WD SN850 delivers the best performing SSD we've tested

vlovich123 · on Nov 9, 2020

> importantly, for all SSDs, disable write-cache buffer flushing for best performance.

Is this actually good advice, especially without mentioning the durability risks?

pizza234 · on Nov 9, 2020

StackOverflow answer here: https://superuser.com/a/1215634

It's essentially the typical "without this enabled, you will lose data in case of power loss, potentially breaking the O/S".

wtallis · on Nov 9, 2020

One important point that the StackOverflow answers miss is that the Windows checkbox for buffer flushing has a different meaning for SATA SSDs than for NVMe SSDs. If you want a reasonably fair synthetic benchmark to compare NVMe SSDs against SATA SSDs while bypassing any caching the OS is doing with main system RAM, you pretty much have to toggle that switch for at least NVMe drives. Or use Linux, which has actual documentation for its NVMe driver, and the source code is available where that falls short.

gruez · on Nov 10, 2020

>One important point that the StackOverflow answers miss is that the Windows checkbox for buffer flushing has a different meaning for SATA SSDs than for NVMe SSDs.

can you elaborate on this? What's the exact difference? Do sata drives get more aggressive buffer flushing than nvme drives?

wtallis · on Nov 10, 2020

The exact difference, as far as I'm aware, has never been publicly documented by Microsoft, and I have not attempted to properly and thoroughly reverse engineer that particular mess.

But the end result is that in the default state (buffer flushing enabled), most or all disk benchmarking tools show drastically lower write performance on consumer NVMe drives than should be expected compared to their theoretical advantage over SATA SSDs.
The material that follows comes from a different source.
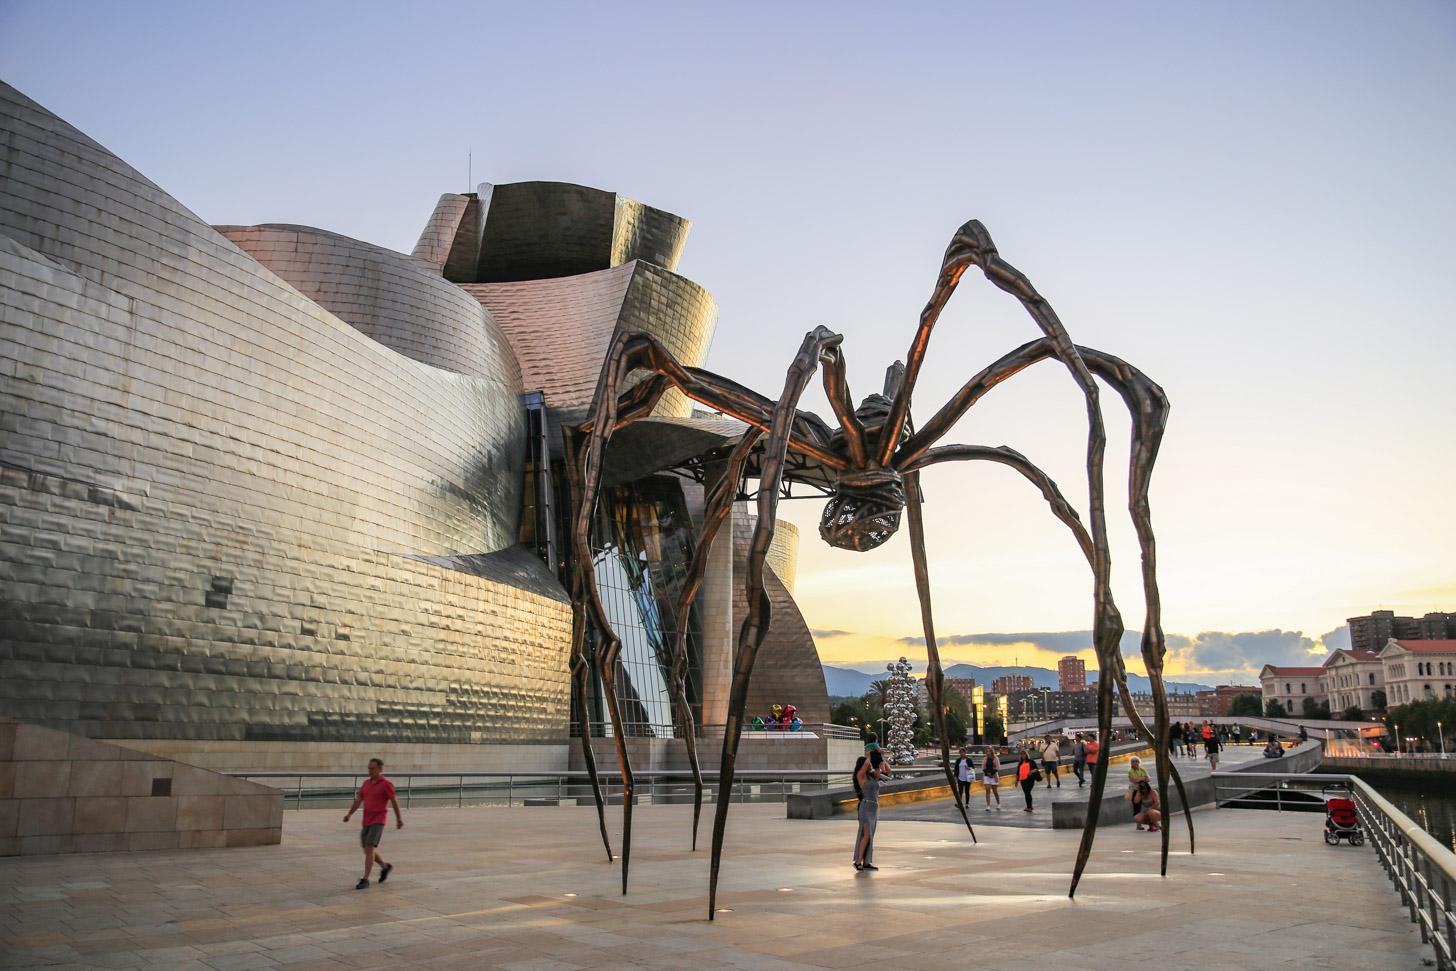 Maman, de spin bij het Guggenheim
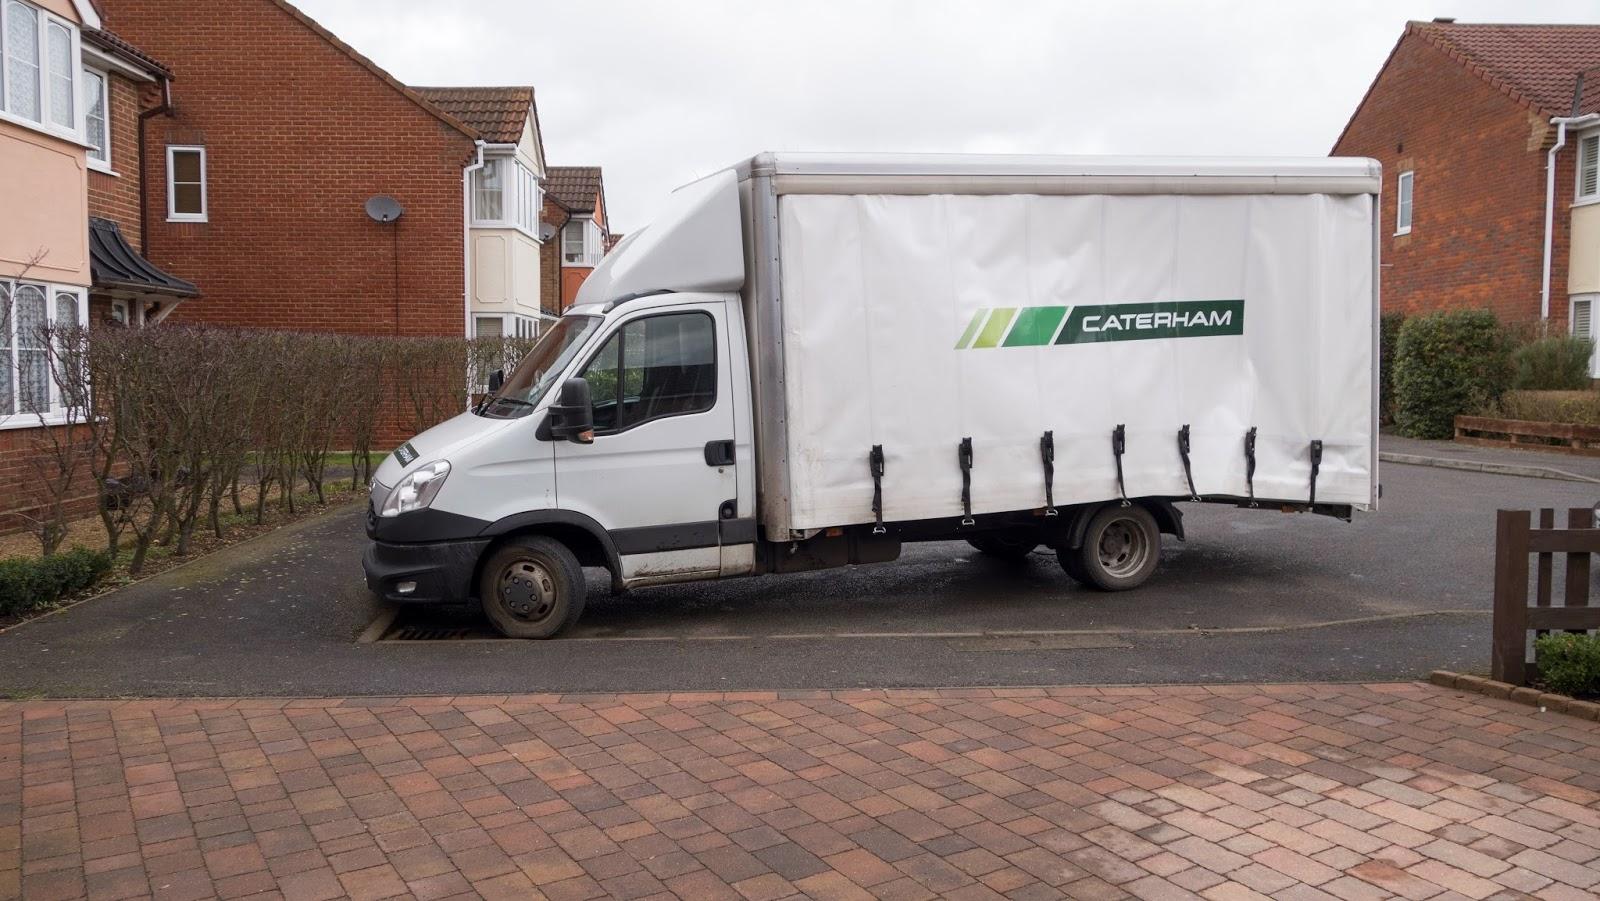 Ian's Caterham delivery van

I'm not intimately familiar with the semantics of how flush/sync commands get generated and passed through the Windows IO stack. Empirically, when an application tries to issue a write that is not to be buffered by the OS, it appears that Windows translates that into NVMe commands that constrain or entirely prohibit the SSD from doing its own write buffering, but for SATA SSDs writes are still by default issued in a manner that permits the drive to buffer freely. Figuring out exactly what's happening without Microsoft's help might require bus analyzers I don't have. In effect, it seems that Windows is less willing to trust a NVMe SSD than a SATA SSD, and that doesn't strike me as justified.
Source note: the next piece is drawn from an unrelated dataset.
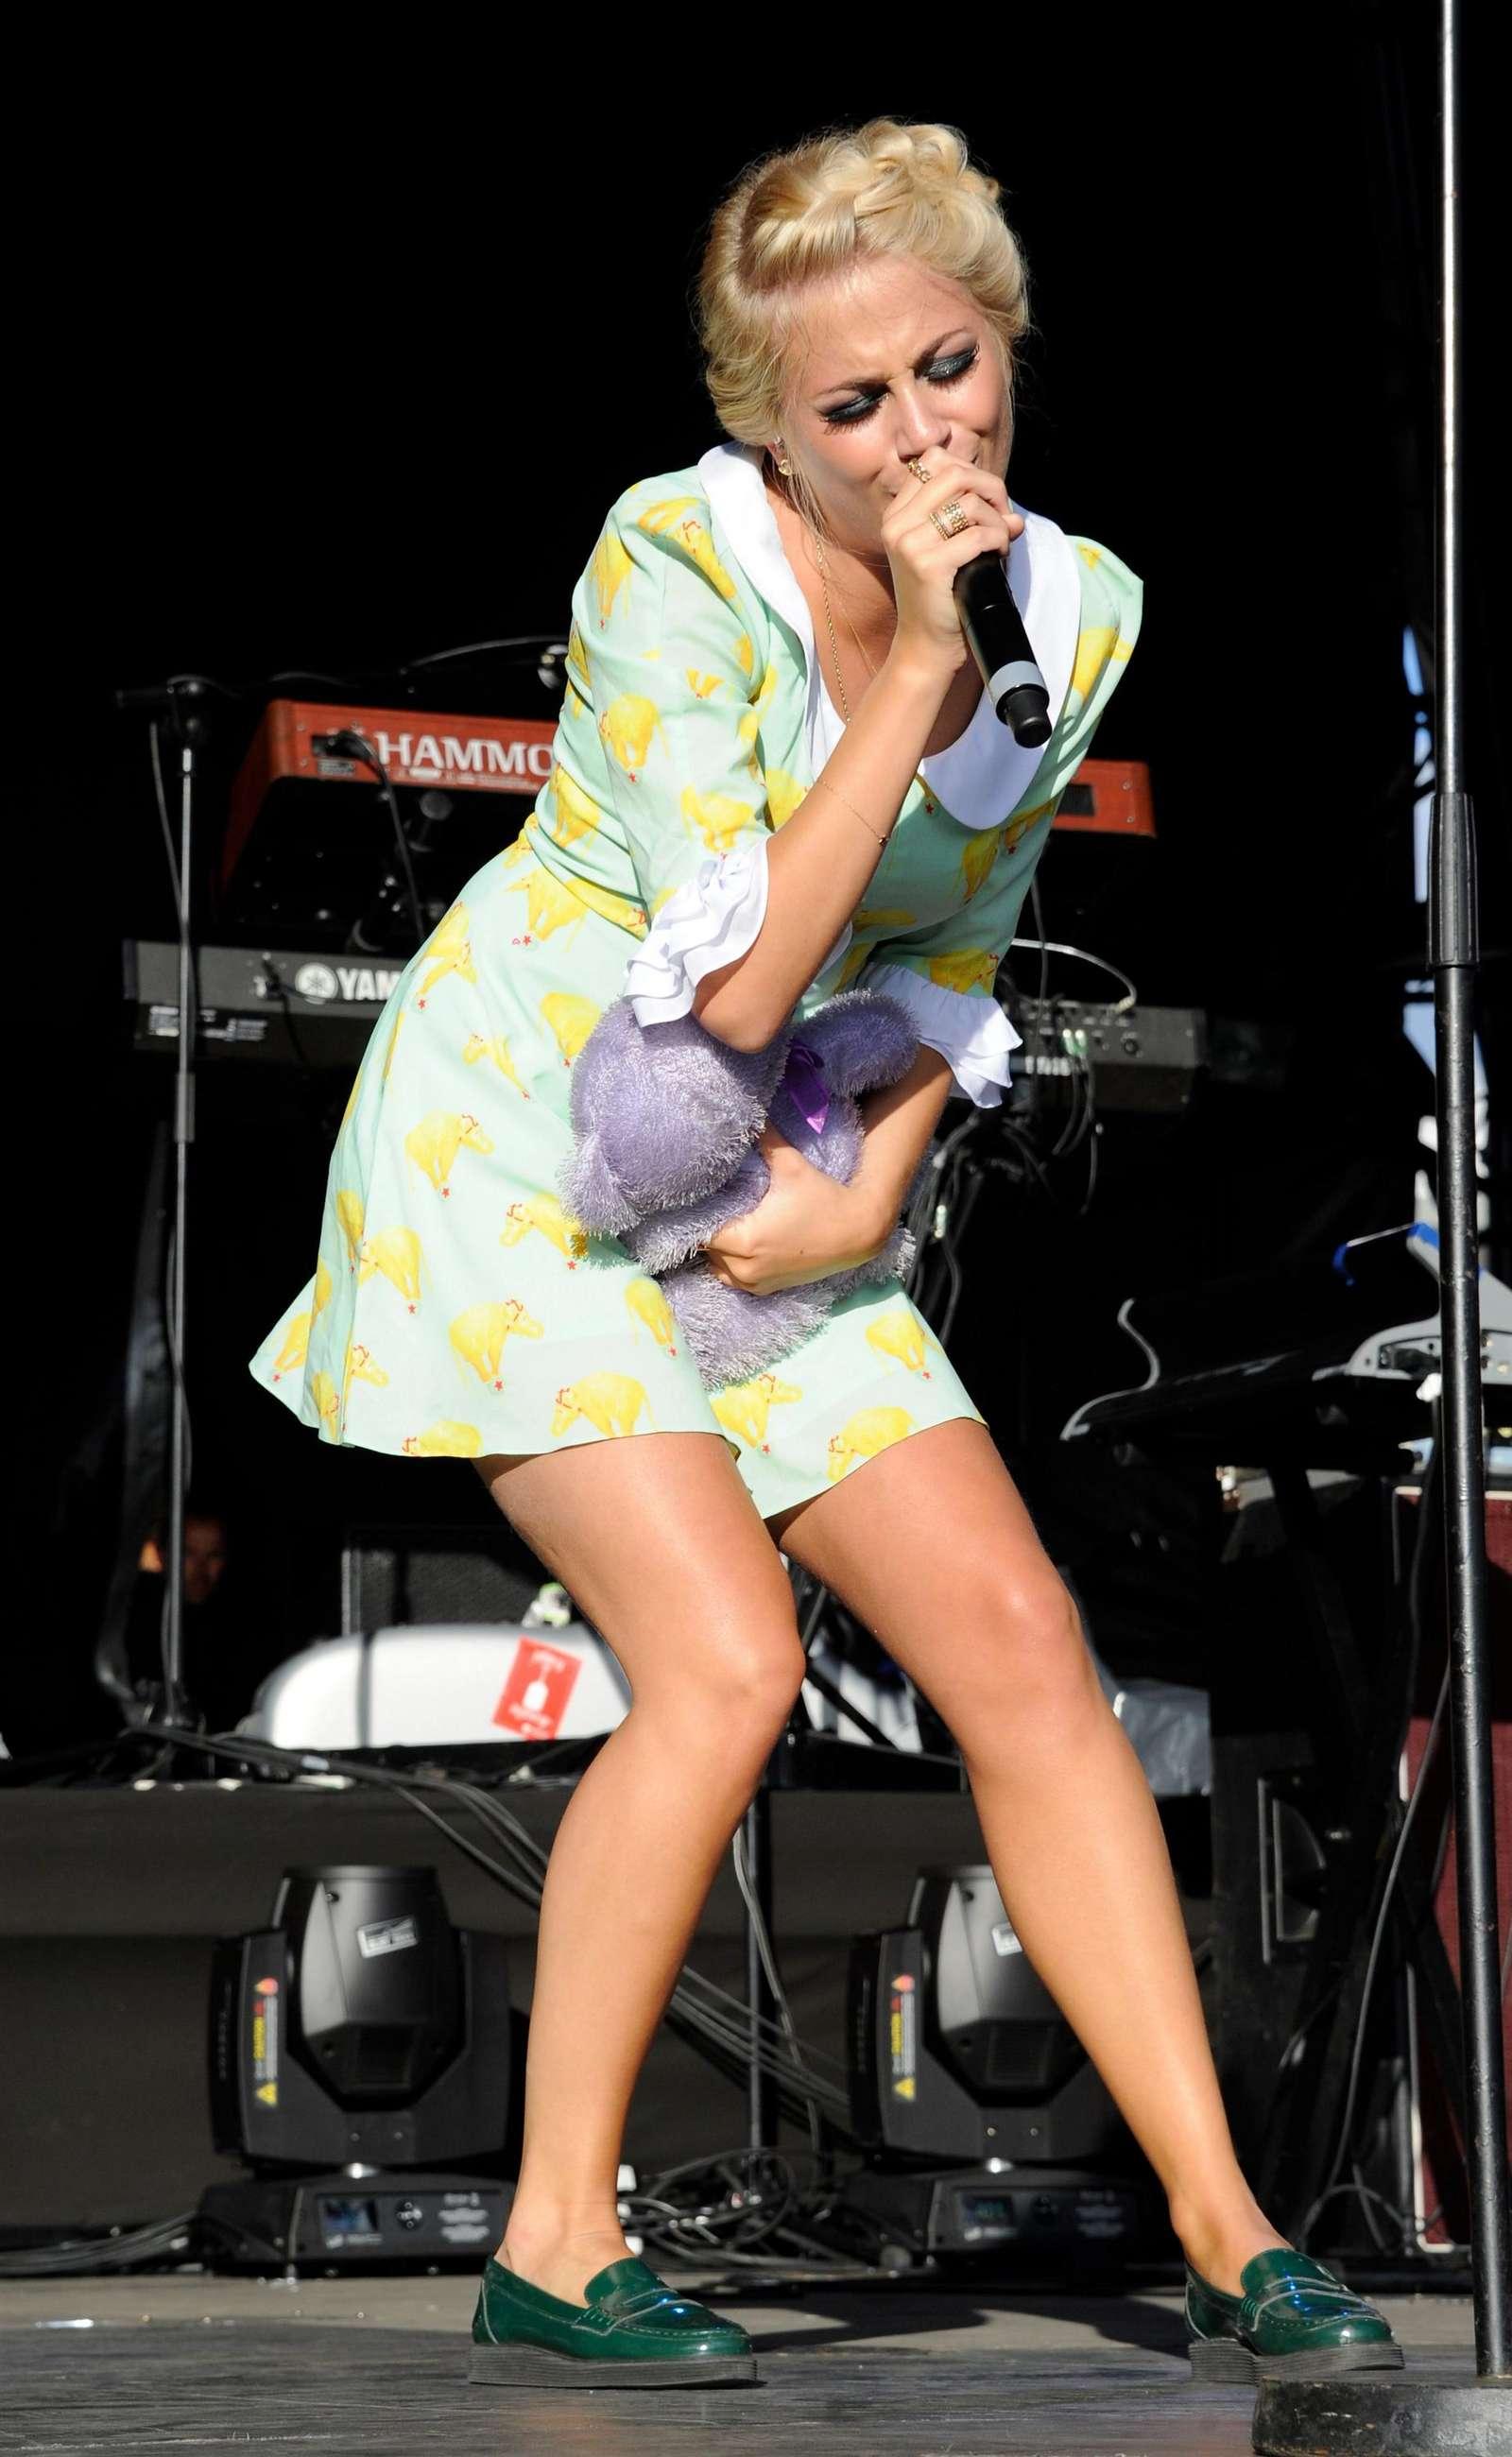 Hailee Steinfeld nude (23 photo) Hot, Twitter, cameltoe

I've also noticed that recent builds of Windows 10 have changed their behavior when running one of our old benchmarking tools that plays back IO traces. On current Windows 10, the OS outright rejects any attempt by the trace playback application to issue a flush command to a NVMe SSD, whether or not buffer flushing is enabled at the driver level. This is definitely a change from earlier builds of Windows 10, and I think it is a change that only affects NVMe drives, not SATA drives. (I'm not testing very many SATA drives these days, and have to design my testing procedures entirely around the needs of testing NVMe drives.)

gruez · on Nov 10, 2020

>But the end result is that in the default state (buffer flushing enabled), most or all disk benchmarking tools show drastically lower write performance on consumer NVMe drives than should be expected compared to their theoretical advantage over SATA SSDs.

This... doesn't seem to be the case? If you look at this chart[1] from anandtech, you can see that the nvme drives (crucial P1, intel 660p) are significantly ahead of the sata drives (860 evo, 860 qvo, crucial mx500). The sustained write results[2] worse for nvme drives, but they're still better than similar sata drives if we control for flash type (qlc vs tlc) and capacity.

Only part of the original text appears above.